Day 103: The Tour Guide Problem
The conference conversations didn't end on Saturday — they moved outdoors. Today I walked a group of RubyConf attendees around Vienna, which I'd offered to do mostly as a way to keep talking to interesting people, and which accidentally turned into the clearest thinking about agents I've done all month. It turns out giving a good walking tour is the same problem I've been trying to solve in code, with one crucial difference that I couldn't stop noticing once I'd seen it.
A tour is curation
You can't show a group everything. Vienna will happily eat three days and you've got an afternoon, so the whole craft is in what you leave out. With a crowd of Ruby developers I lean into the things that'll land — the bits of history that rhyme with how systems get built and rebuilt, the parts of the city that reward someone who likes structure — and I skip the set pieces that a different group would want. I'm reading who's in front of me and deciding what's relevant to them, in this order, at this depth. Put that way, it's exactly the discipline Pinchy is supposed to encode: don't dump the whole database on the agent and hope it figures out what matters; surface the right thing to the right person and keep the rest out of the way.

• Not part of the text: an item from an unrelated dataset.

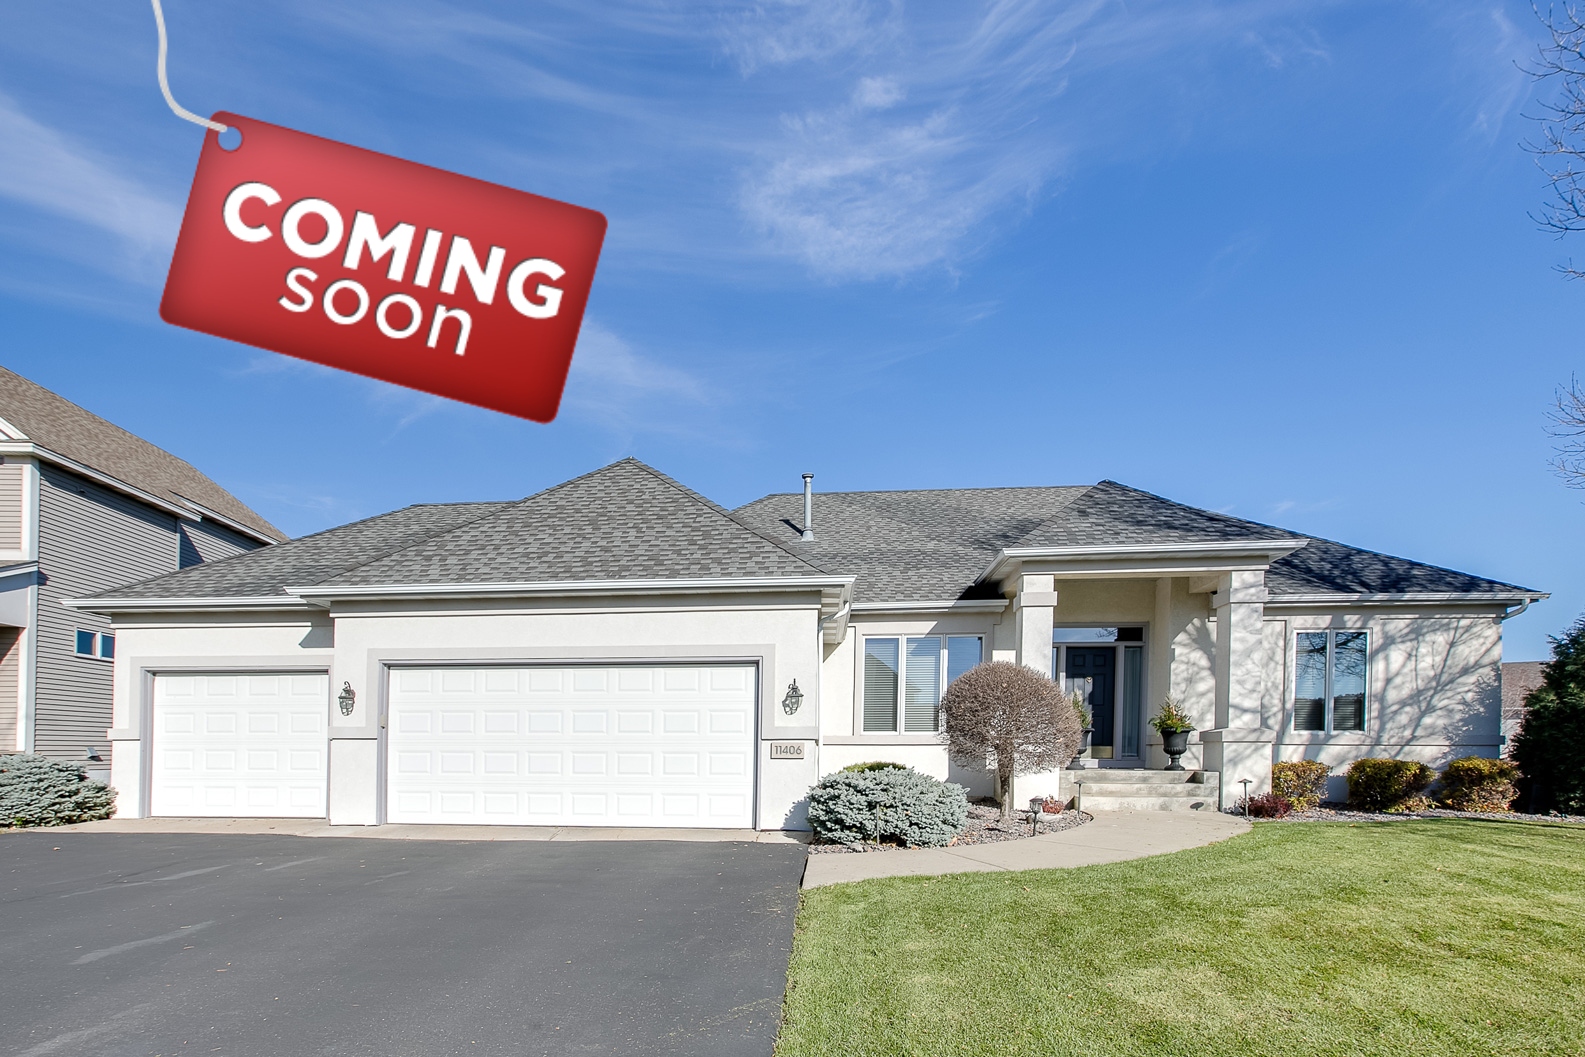 Coming soon, Champlin rambler for sale with 3 bedrooms

The schema split on Day 90 — cutting a model's context from 18 kB to 1 kB by showing the agent the fields it actually needs first — is the same move a guide makes choosing which three streets to walk down. Relevance is curation, and curation is mostly subtraction.
The conversations along the way had the same shape as the ones over coffee the day before, just more candid — there's something about walking side by side instead of facing across a booth that gets people to say the real thing. The most honest version of the AI skepticism I'd heard at the conference came out somewhere near the Ring: not "does it work" but "do I want it to." That's a better question than any I'd prepared for, and it's the one I keep, because it's not a question about features.
The part the agent can't do
Here's the difference I couldn't unsee. The thing that actually made the tour good wasn't the curation — that's the part I could have scripted, the part an agent could plausibly do given a good enough model and the right context window. It was everything around the script. Sensing that the group had gone quiet because they were tired and not because they were bored. Catching the one person who lit up at a detail and following it. Dropping the plan entirely when it started to rain and turning that into the better story. Reading a room of humans in real time and improvising against it is the whole job, and it's precisely the thing the agent doesn't have and I shouldn't pretend it's close to having.
That's not a discouraging thought — it's a clarifying one, and it's most of why I build Pinchy the way I do. The pitch was never "replace the guide." It's a tool the guide works through: the agent can hold the map, remember which streets we've covered, surface the fact I'm reaching for, keep the boundaries straight about what's worth showing whom — and leave the reading-the-room, the judgment, the improvisation to the human who's actually standing there. A good agent is a very well-prepared assistant handing you the right card at the right moment. It is not the person giving the tour. The day I forget which is which is the day I start building the wrong product.
Day 103
Two days away from the repo, and I'd defend the trade against any two days of commits. Saturday audited my story; today audited my thesis. The whole bet — boundaries, hub, works-through-people — got tested not in an argument but in an afternoon of actually being the human interface to something complicated, deciding what to surface and what to hold back for a group I was reading on the fly. The curation half of that, Pinchy can help with. The human half is the half that matters most and the half it can't touch, and walking a city full of Ruby developers through a rainy Sunday was a very pleasant way to be reminded of exactly where that line is. Tomorrow it's back to the keyboard, and the line I drew today is the one I'll be drawing in code all week.